# DATA ANALYSIS STATISTICAL TECHNIQUES A DATA SCIENTIST SHOULD KNOW

Statistical data analysis is a procedure of performing various statistical operations. It is a kind of quantitative research, which seeks to quantify the data, and typically, applies some form of statistical analysis. Quantitative data involves descriptive data, such as survey data and observational data.Statistical data analysis generally involves some form of statistical tools, which a layman cannot perform without having any statistical knowledge. Here are the top statistical data analysis techniques.

#### Linear Regression

Linear Regression, is the technique that is used to predict a target variable by providing the best linear relationship among the dependent and independent variables where best fit indicates the sum of all the distances amidst the shape and actual observations at each data point is as minimum as achievable. There are two types of linear regression mainly, that are;

Simple Linear Regression: It deploys a sole independent variable to predict a dependent variable by providing the most suitable linear correlation. To understand Simple Linear Regression in detail, click the link.

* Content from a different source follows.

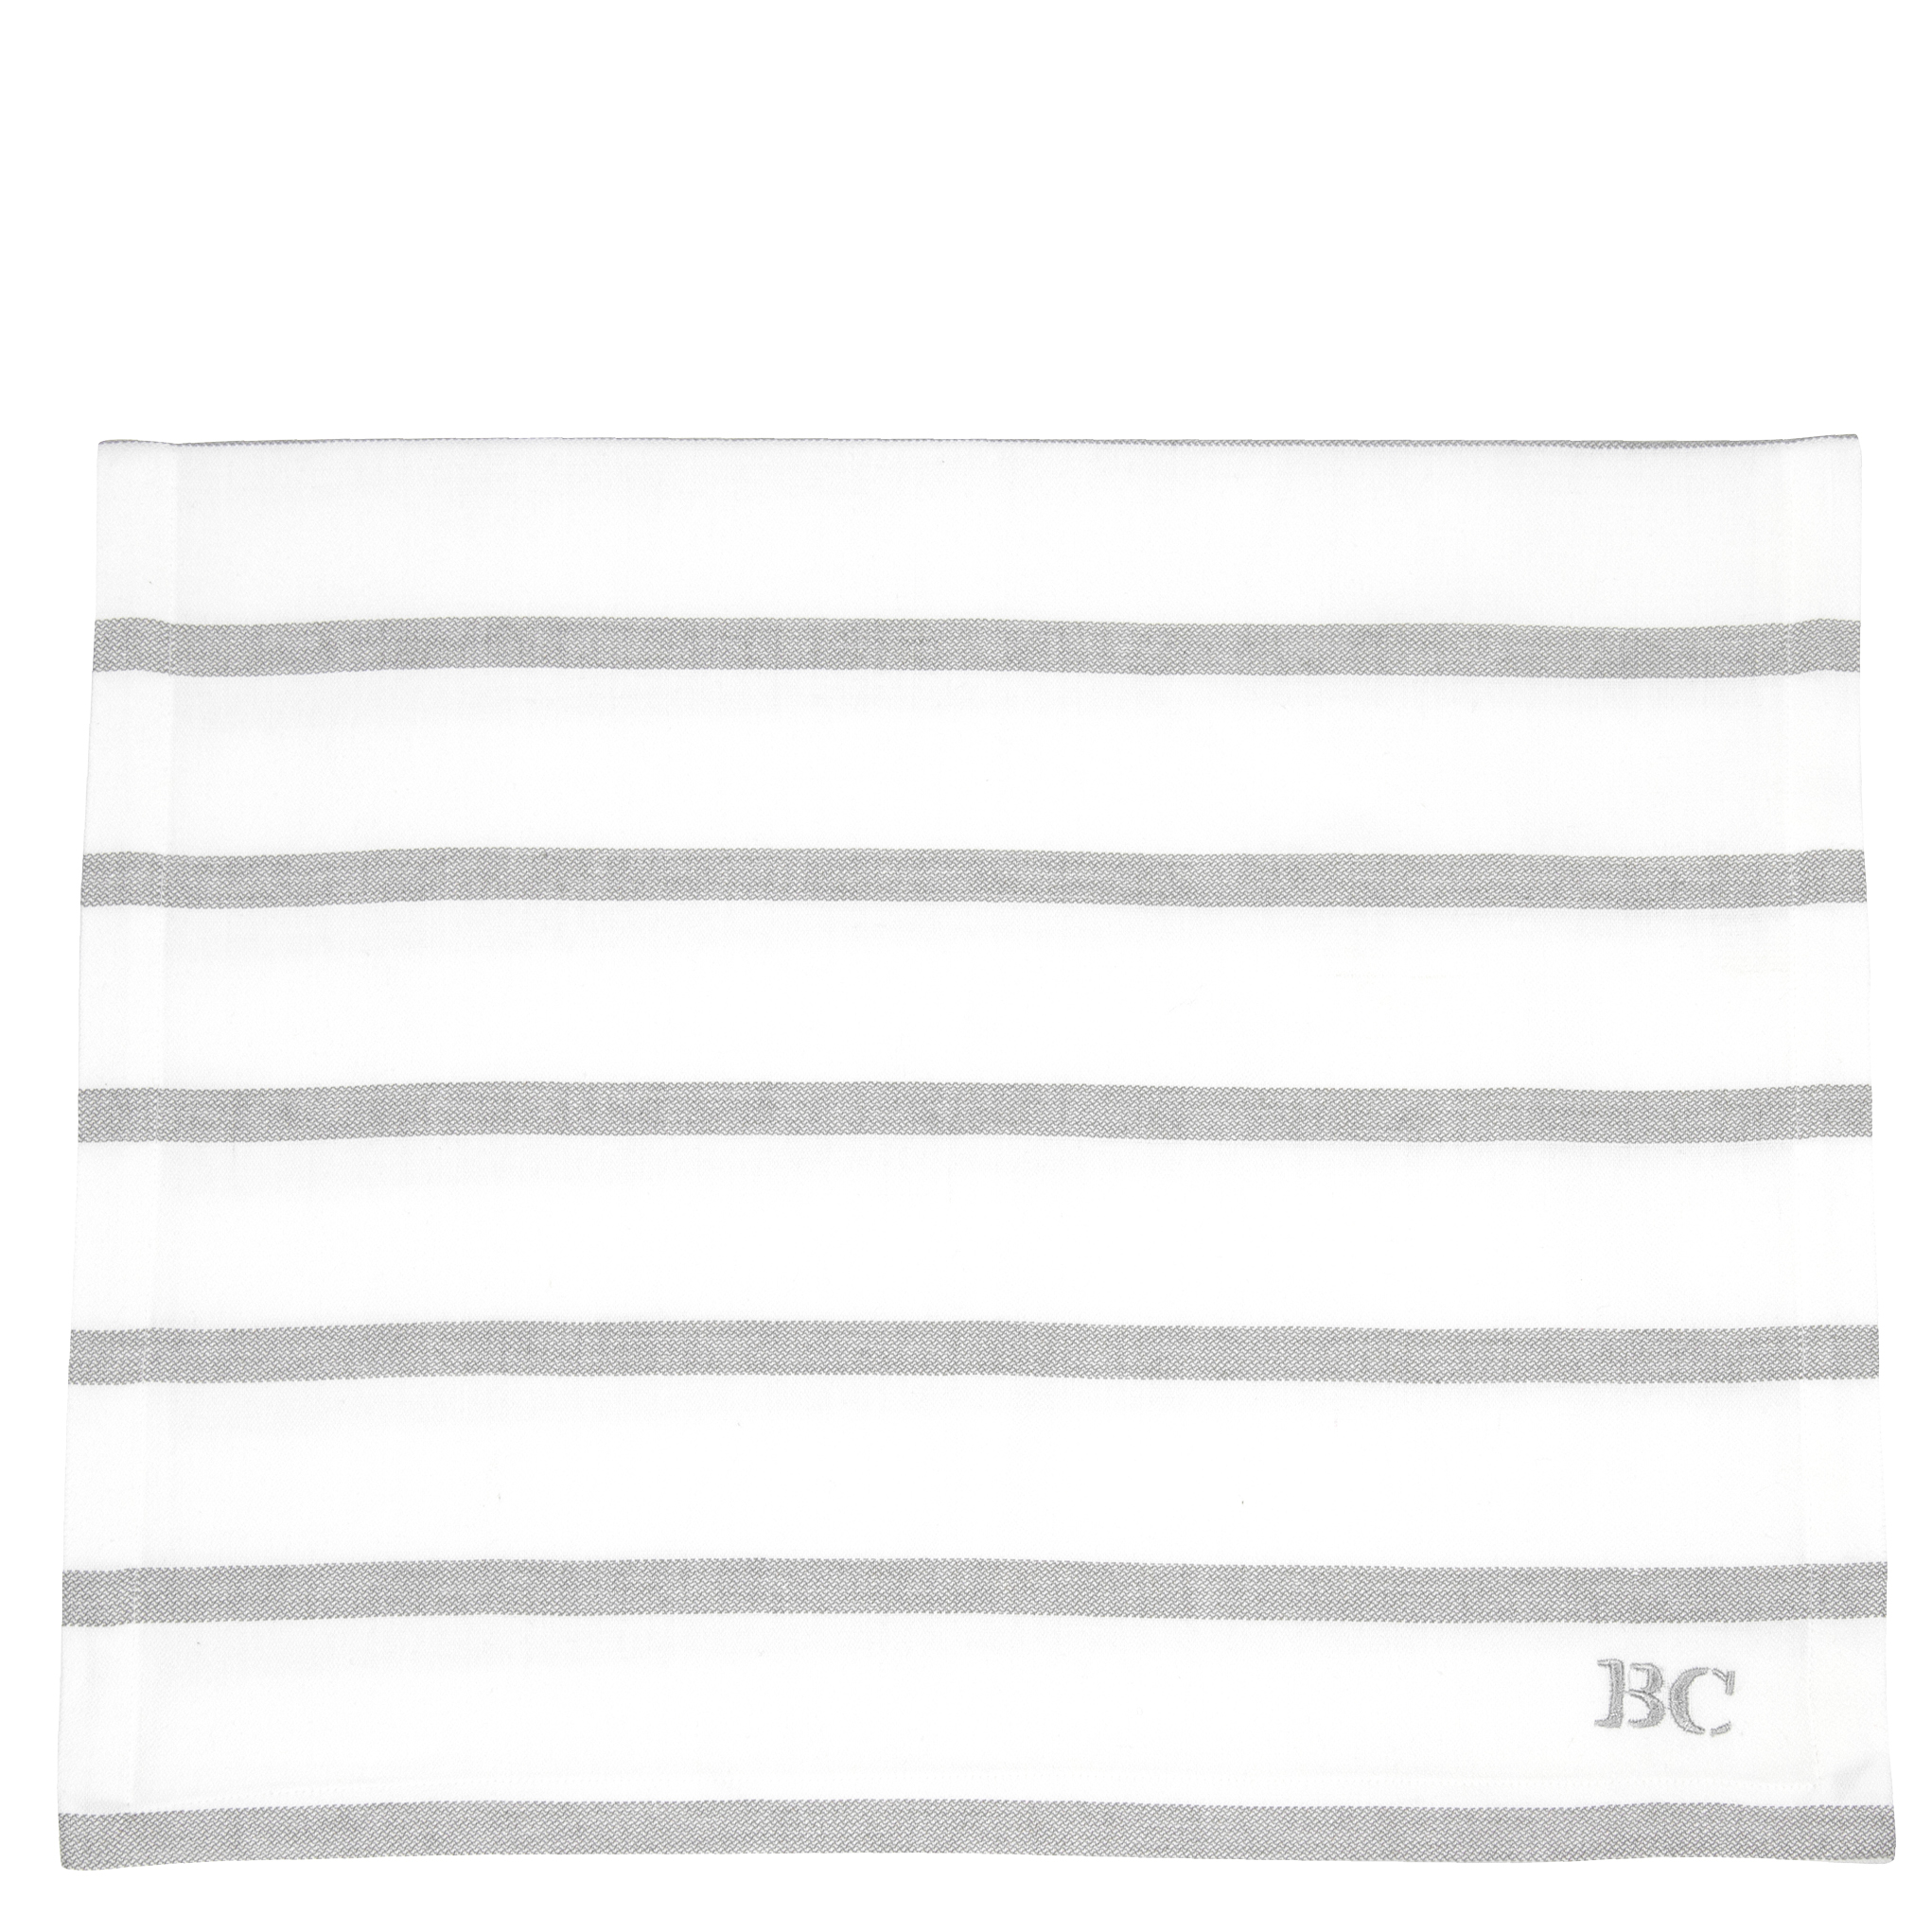 BC Tischläufer Streifen 50x160cm 100% Baumwolle weiß grau

Multiple Linear Regression: It takes more than one independent variable for predicting the dependent variable by providing the most suited linear relation. There is much more to explore about Multiple Linear Regression, learn with this guide.

#### Classification

Being a data mining technique, Classification authorizes specific categories to a collection of data for making more meticulous predictions and analysis. Types of classification techniques are;

Logistic Regression: A regression analysis technique to perform when the dependent variable is dichotomous or binary. It is a predictive analysis that is utilized for explaining data and the connection amongst one dependent binary variable and other nominal independent variables.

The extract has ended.